Lord Sharman: I have listened to the Minister. I simply say to him that if he has no intention of using the power, why have it there?

Lord McKenzie of Luton: As I hoped I had explained, it is there because at some stage in the future it may be desirable to use it. But I stress there is no current intention to use it and the Government believe it would be wrong to do so in the short term.

Clause 681 agreed to.

Clauses 682 and 683 agreed to.

Clause 684 [Defective delivery]:

Lord McKenzie of Luton moved Amendments Nos. A188B and A188C:


"( ) form, authentication and manner of delivery;"
Page 330, line 21, leave out "as to form and manner of delivery"

On Question, amendments agreed to.

Clause 684, as amended, agreed to.

Clauses 685 to 687 agreed to.

Clause 688 [Registrar's notice to remedy defective delivery]:

Lord Sharman moved Amendment No. A189:


"( ) A document that is replaced under this section is treated, for the purposes of any enactment relating to its delivery, as having been delivered when the replacement document is delivered."

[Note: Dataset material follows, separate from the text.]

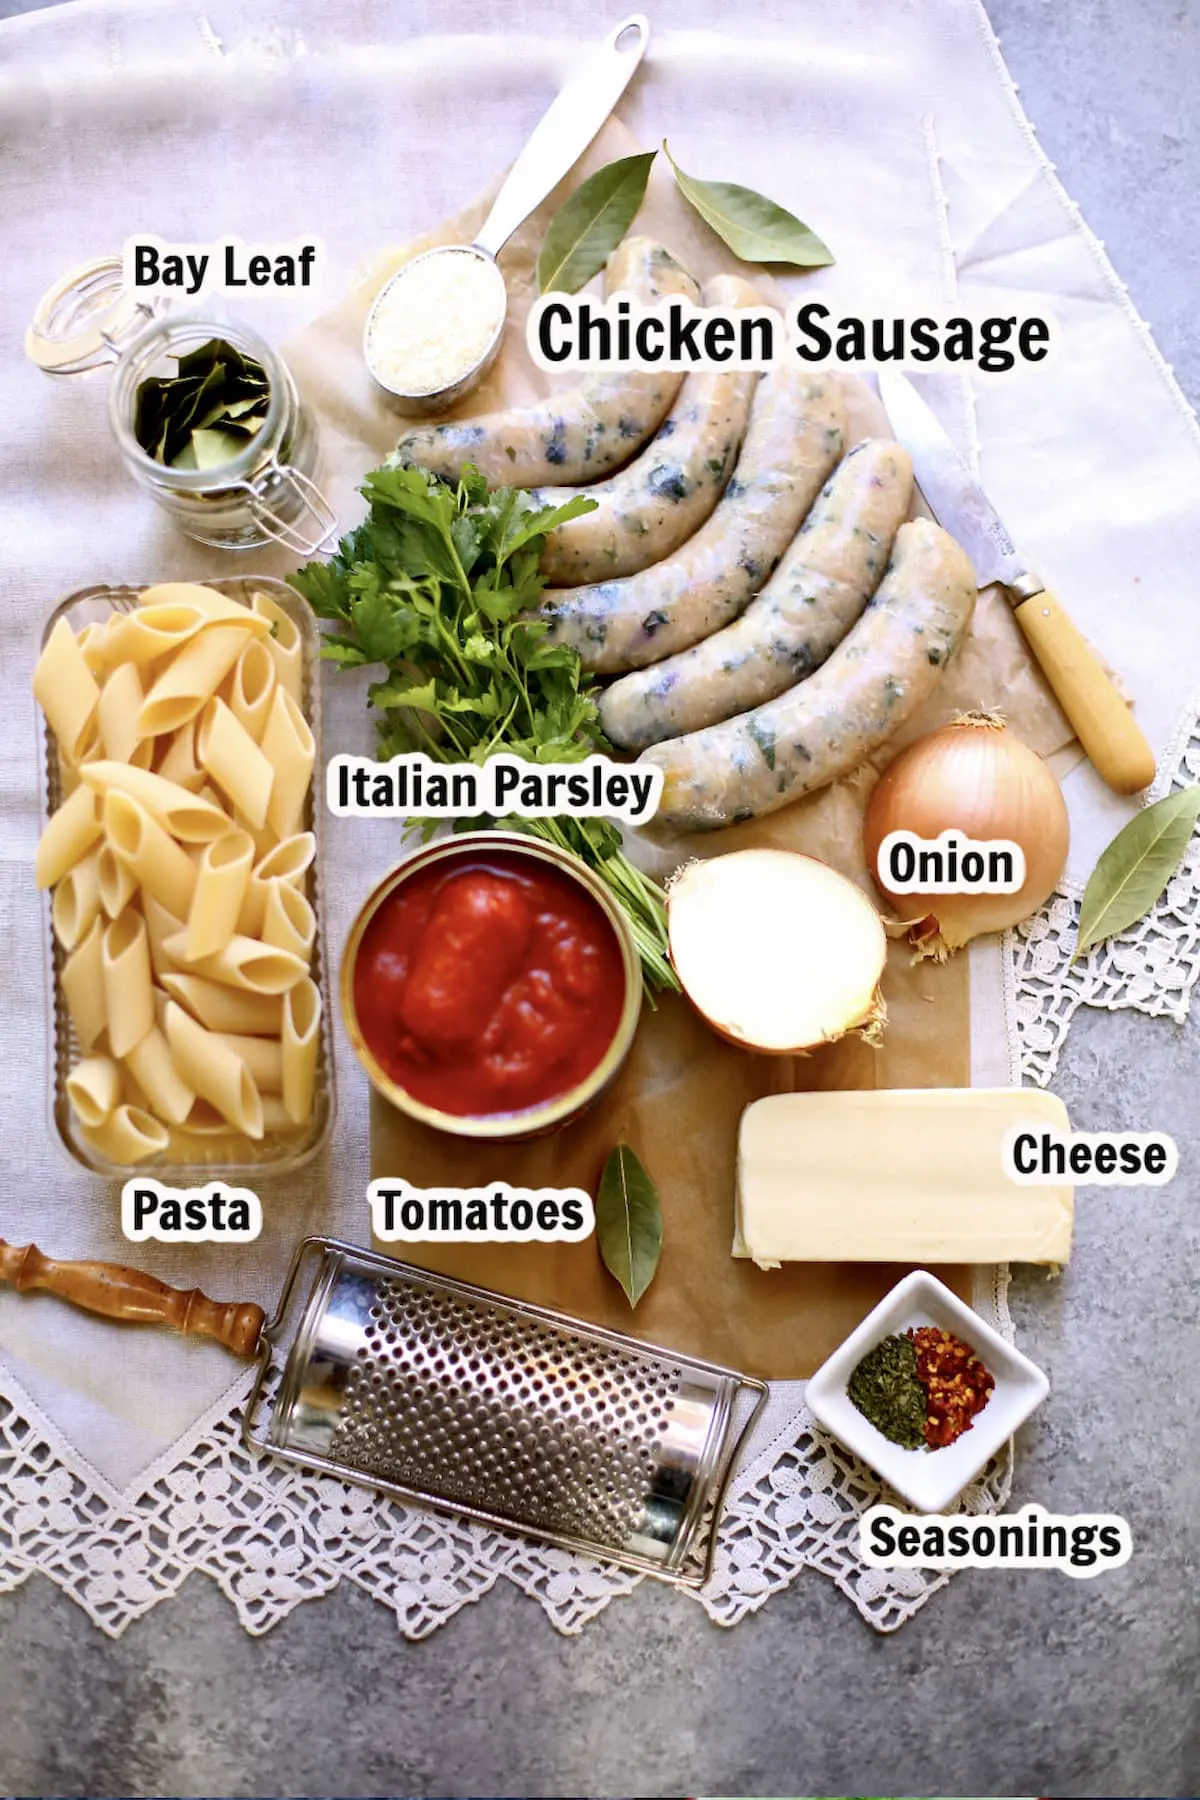 a table of ingredients for baked pasta with sausage, with text overlay saying what eash ingredient is. cheese, tomatos, sausage, pasta, seasonings.

The noble Lord said: The purpose of the amendment is to clarify the effect of delivery of a replacement document so far as concerns compliance with time limits and other requirements for proper delivery prescribed by the Companies Acts.

Clause 688 allows the registrar to require a company to replace a filed document which does not meet the statutory requirements in Clause 684(1) if it is not corrected under Clause 685 or replaced voluntarily under Clause 686. The clause does not specify how the filing of a replacement document is to be treated for the purposes of, for example, late filing penalties or, perhaps more importantly, for validity purposes.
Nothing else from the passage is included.